Ice hockey at the 1936 Winter Olympics

Tournament details
- Host country: Germany
- Venues: 2 (in 1 host city)
- Dates: 6–16 February 1936
- Teams: 15

Final positions
- Champions: Great Britain (1st title)
- Runners-up: Canada
- Third place: United States
- Fourth place: Czechoslovakia

Tournament statistics
- Games played: 37
- Goals scored: 165 (4.46 per game)
- Scoring leader: Hugh Farquharson (10 goals)

= Ice hockey at the 1936 Winter Olympics =

The men's ice hockey tournament at the 1936 Winter Olympics in Garmisch-Partenkirchen, Germany, was the fifth Olympic Championship, also serving as the tenth World Championships and the 21st European Championships.
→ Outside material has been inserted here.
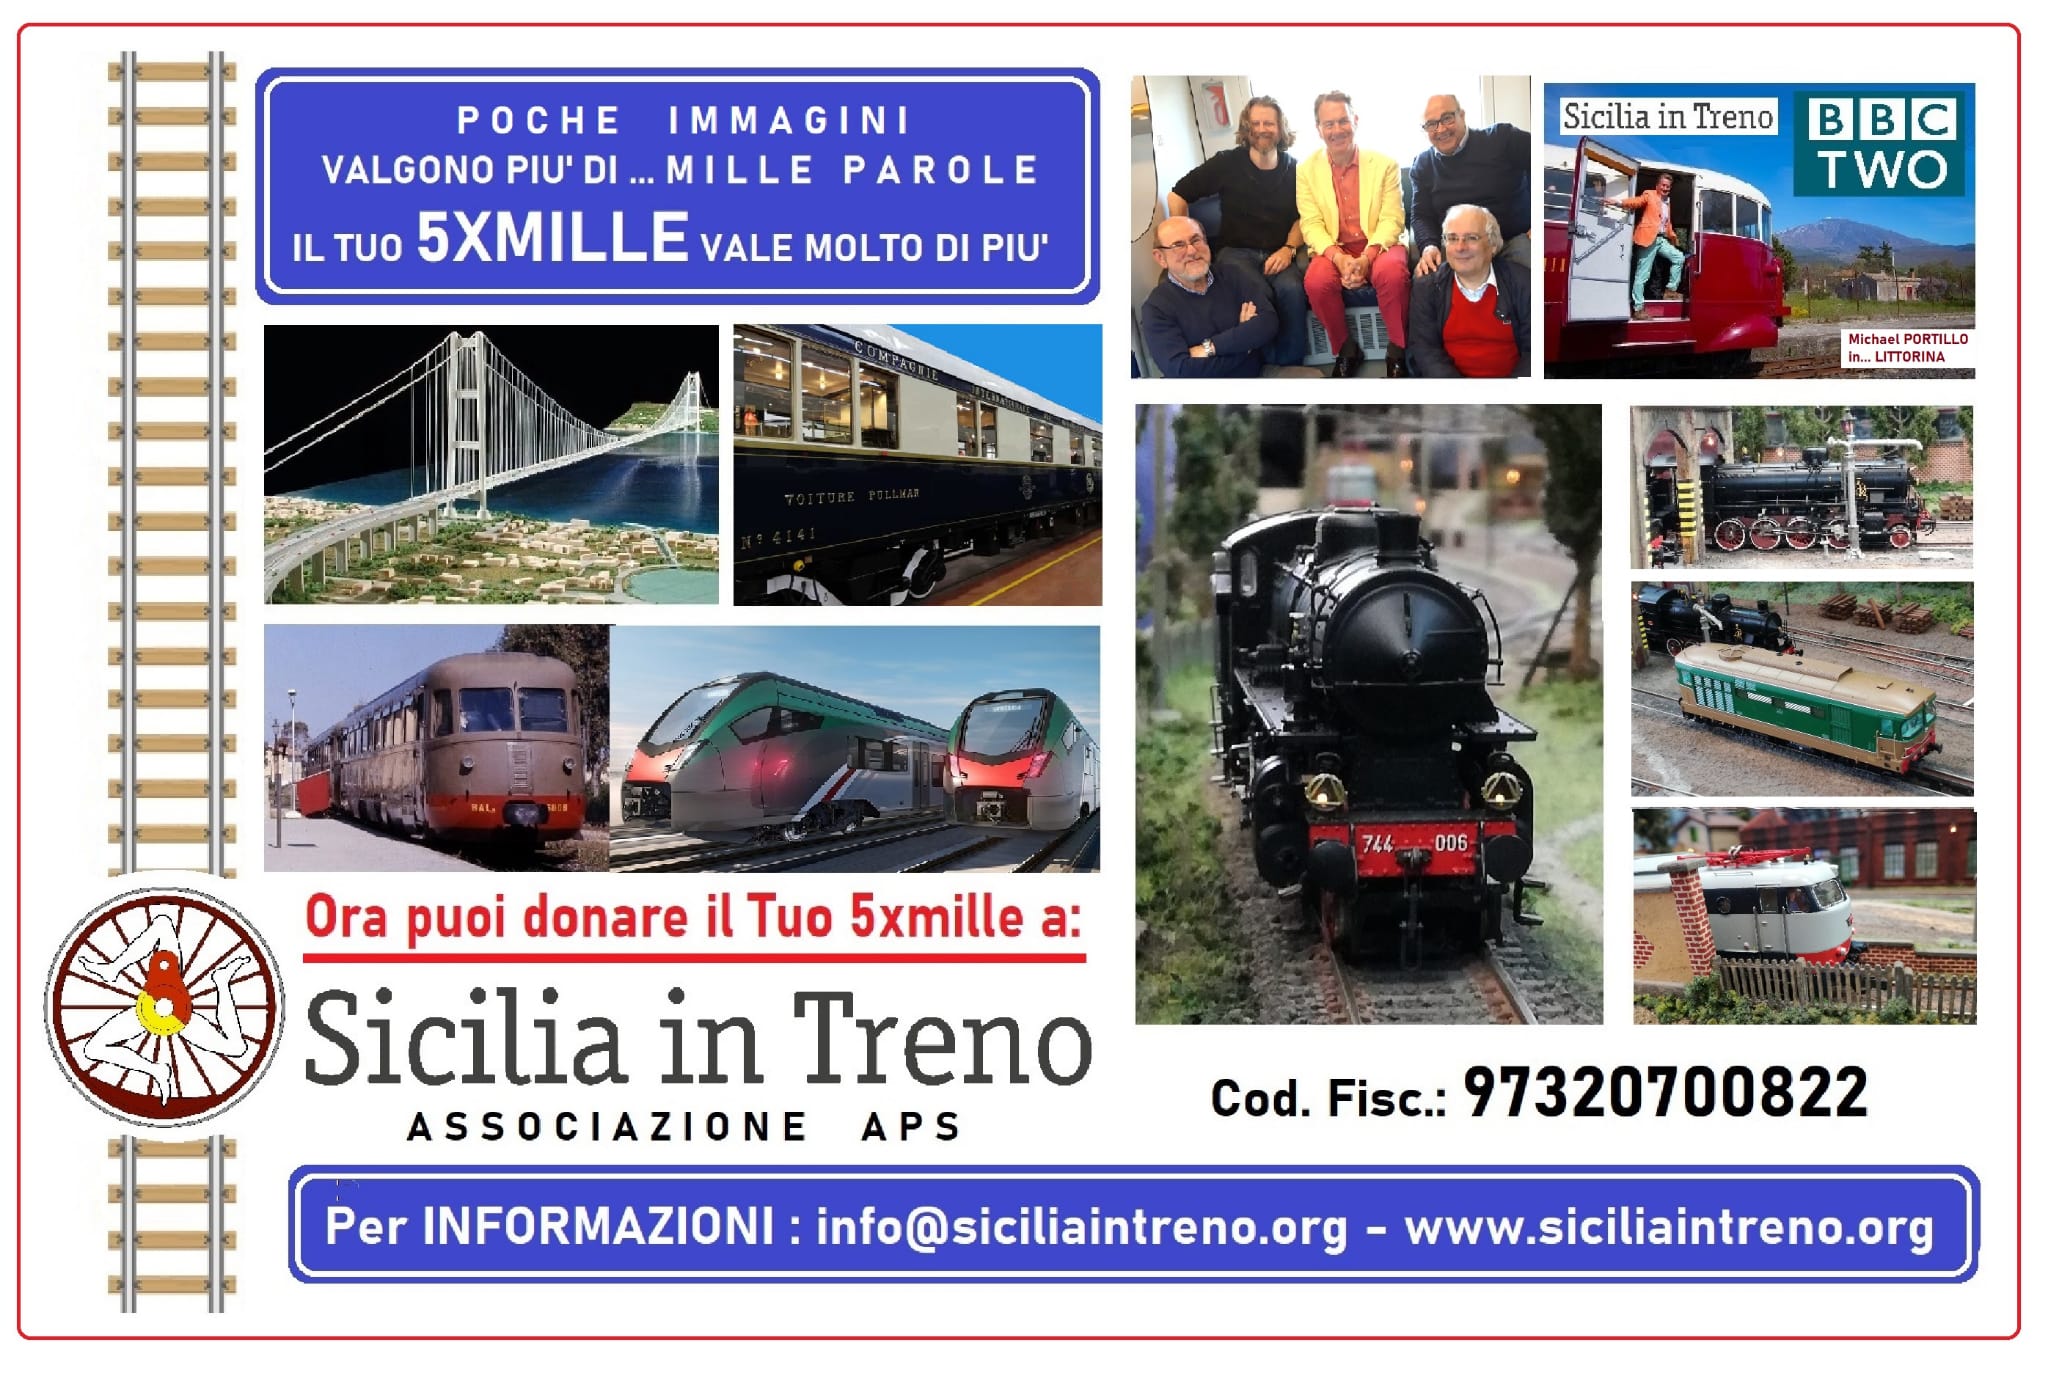 Dona il 5x1000 a Sicilia in Treno!

The British national ice hockey team pulled off a major upset when they won the gold medal, marking a number of firsts in international ice hockey competition. Great Britain made history as the first team ever to win an Olympic, World, and European (its second) Championships and the first to win all three in the same year. They were the first team to stop Canada from winning the Olympic ice hockey gold, following Canada's four consecutive gold medals.

==Tournament summary==
In previous Olympics, the Great Britain team had finished third (1924), and fourth (1928) but with teams that were, "largely composed of Canadian Army officers and university graduates living in the U.K." It was decided that their team must be British-born this time, and while only one player on the team was born in Canada, nine of the thirteen players on the roster grew up in Canada, and eleven had played previously in Canada.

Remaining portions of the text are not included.